Assignment
Pictures in the entries below are excluded; copy only the lines from the one containing "Rumänien 6299x Klb" to the one containing "Hoa đào nở bên", both included.

Available data
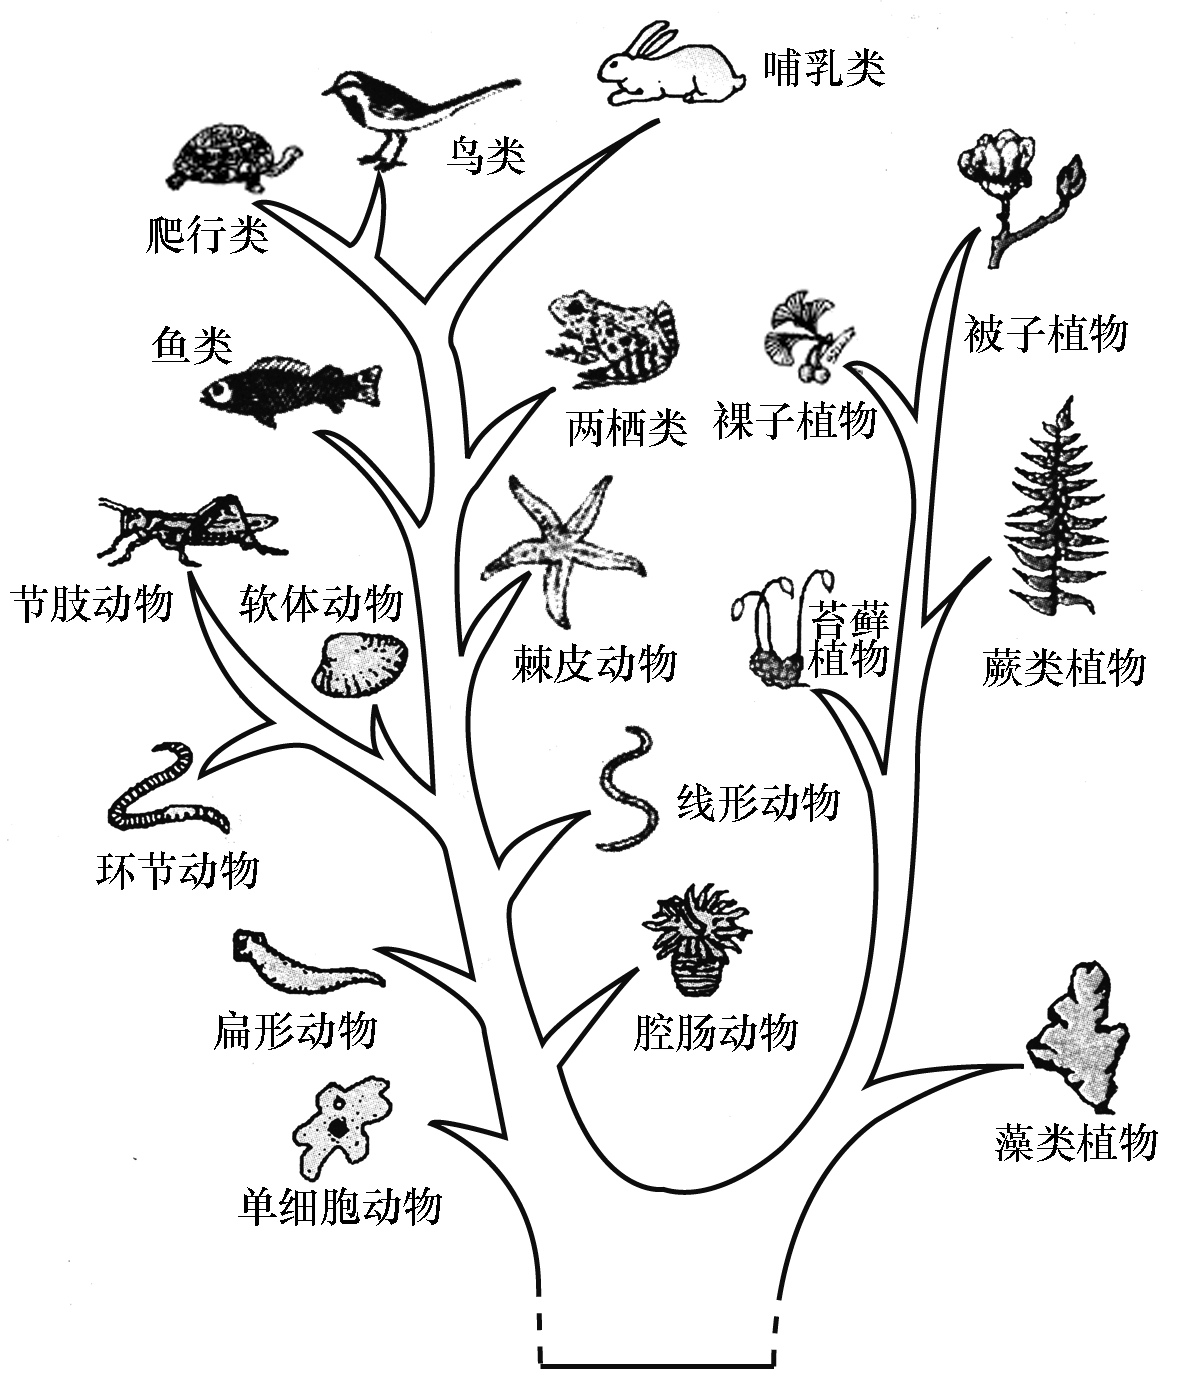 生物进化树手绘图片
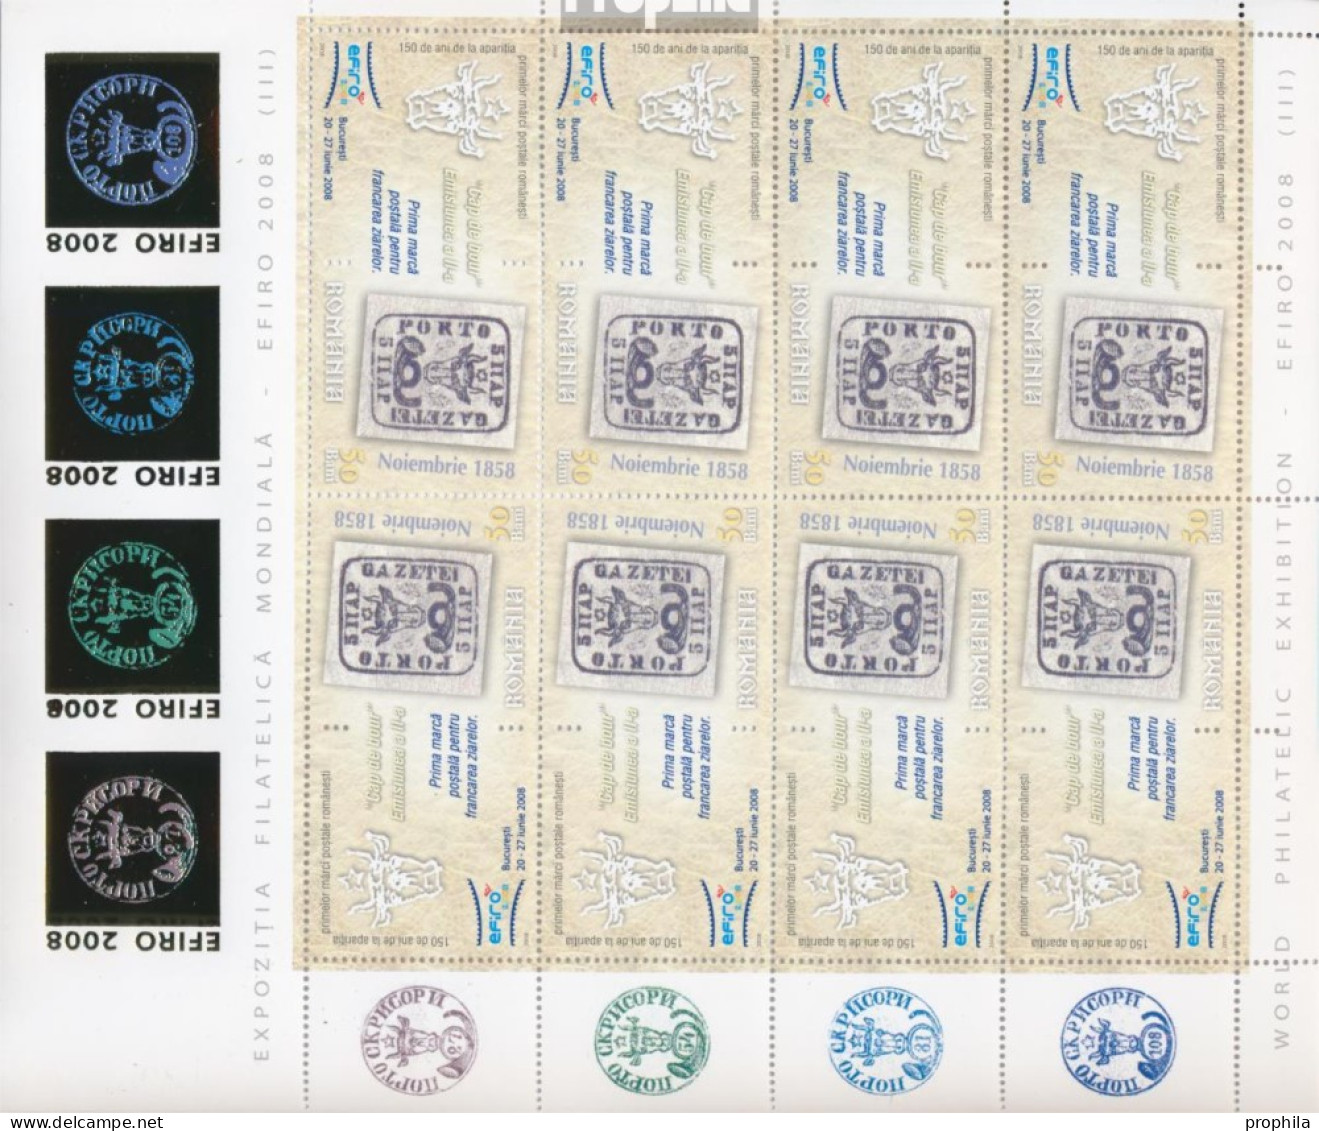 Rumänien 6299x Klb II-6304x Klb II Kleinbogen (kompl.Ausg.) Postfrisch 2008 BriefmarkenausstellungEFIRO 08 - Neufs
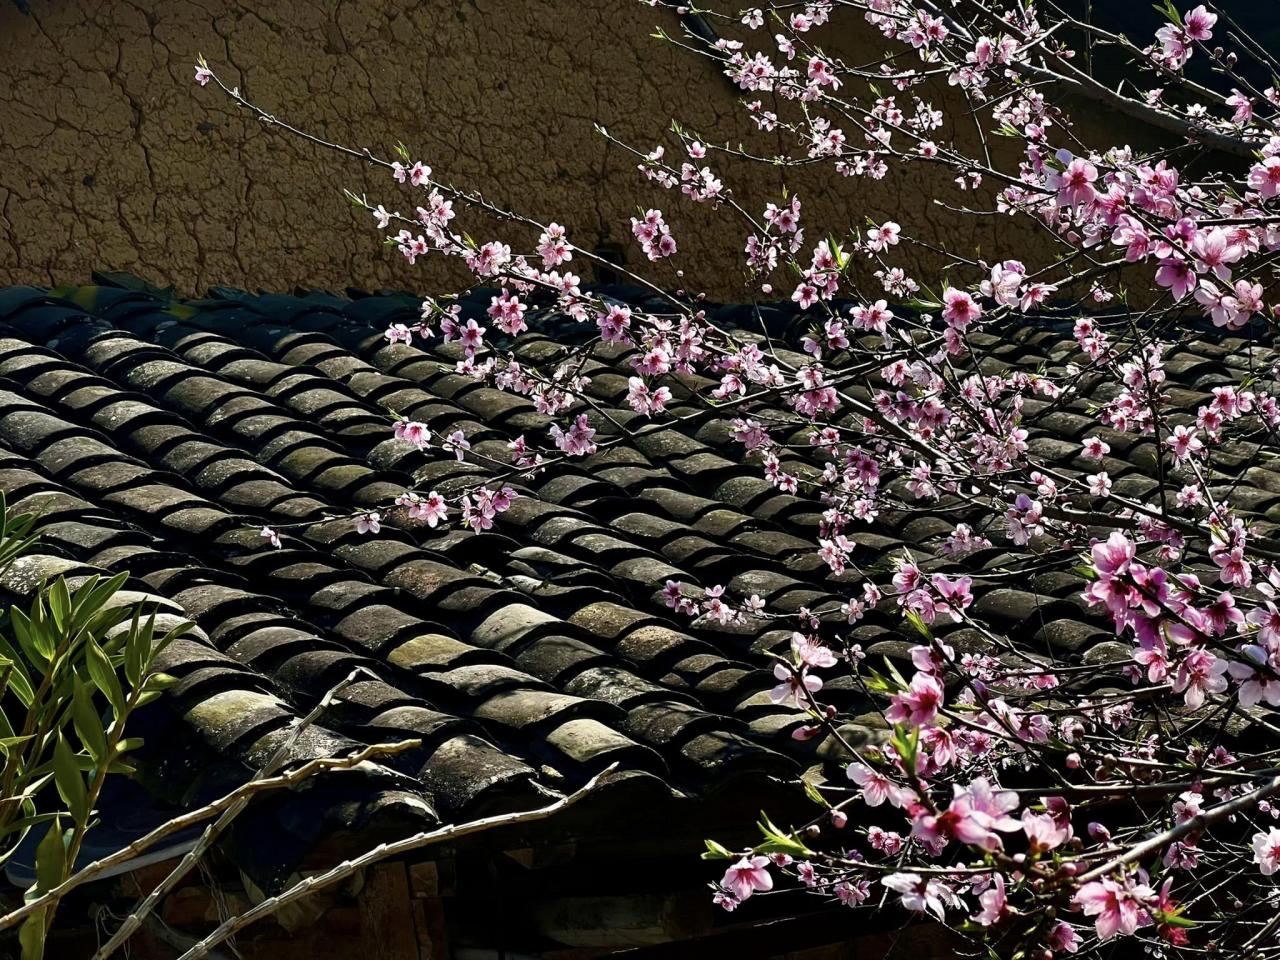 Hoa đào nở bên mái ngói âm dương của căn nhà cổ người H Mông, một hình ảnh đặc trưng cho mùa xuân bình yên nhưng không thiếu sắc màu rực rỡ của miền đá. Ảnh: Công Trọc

==

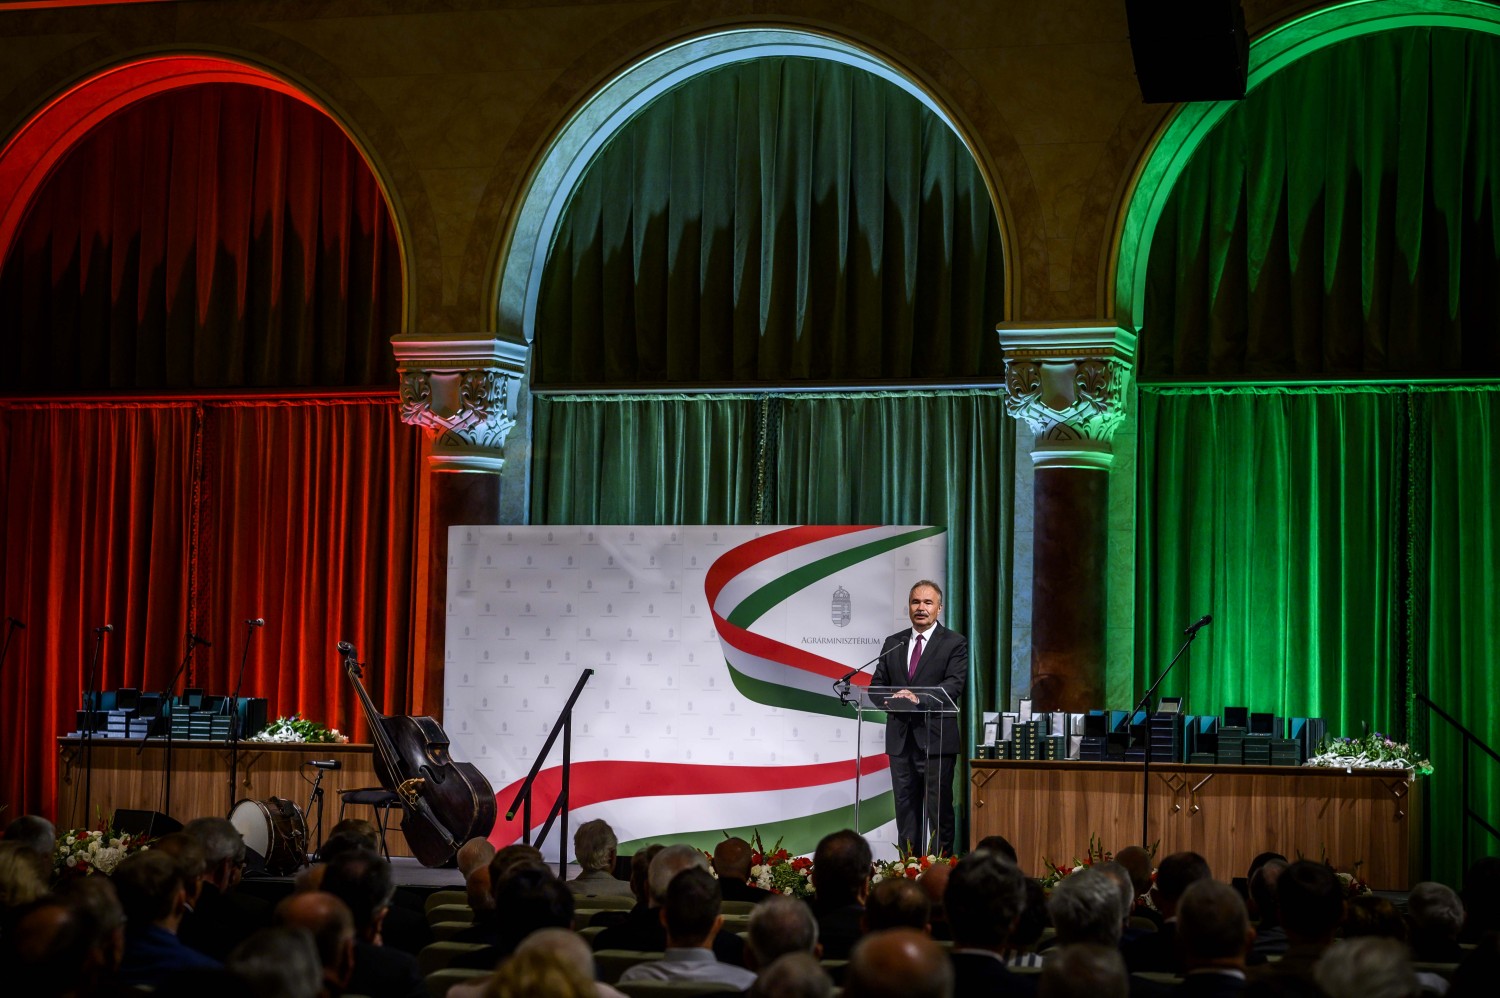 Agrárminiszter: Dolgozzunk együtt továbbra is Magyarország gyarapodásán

Completed task
 Rumänien 6299x Klb II-6304x Klb II Kleinbogen (kompl.Ausg.) Postfrisch 2008 BriefmarkenausstellungEFIRO 08 - Neufs
 Hoa đào nở bên mái ngói âm dương của căn nhà cổ người H Mông, một hình ảnh đặc trưng cho mùa xuân bình yên nhưng không thiếu sắc màu rực rỡ của miền đá. Ảnh: Công Trọc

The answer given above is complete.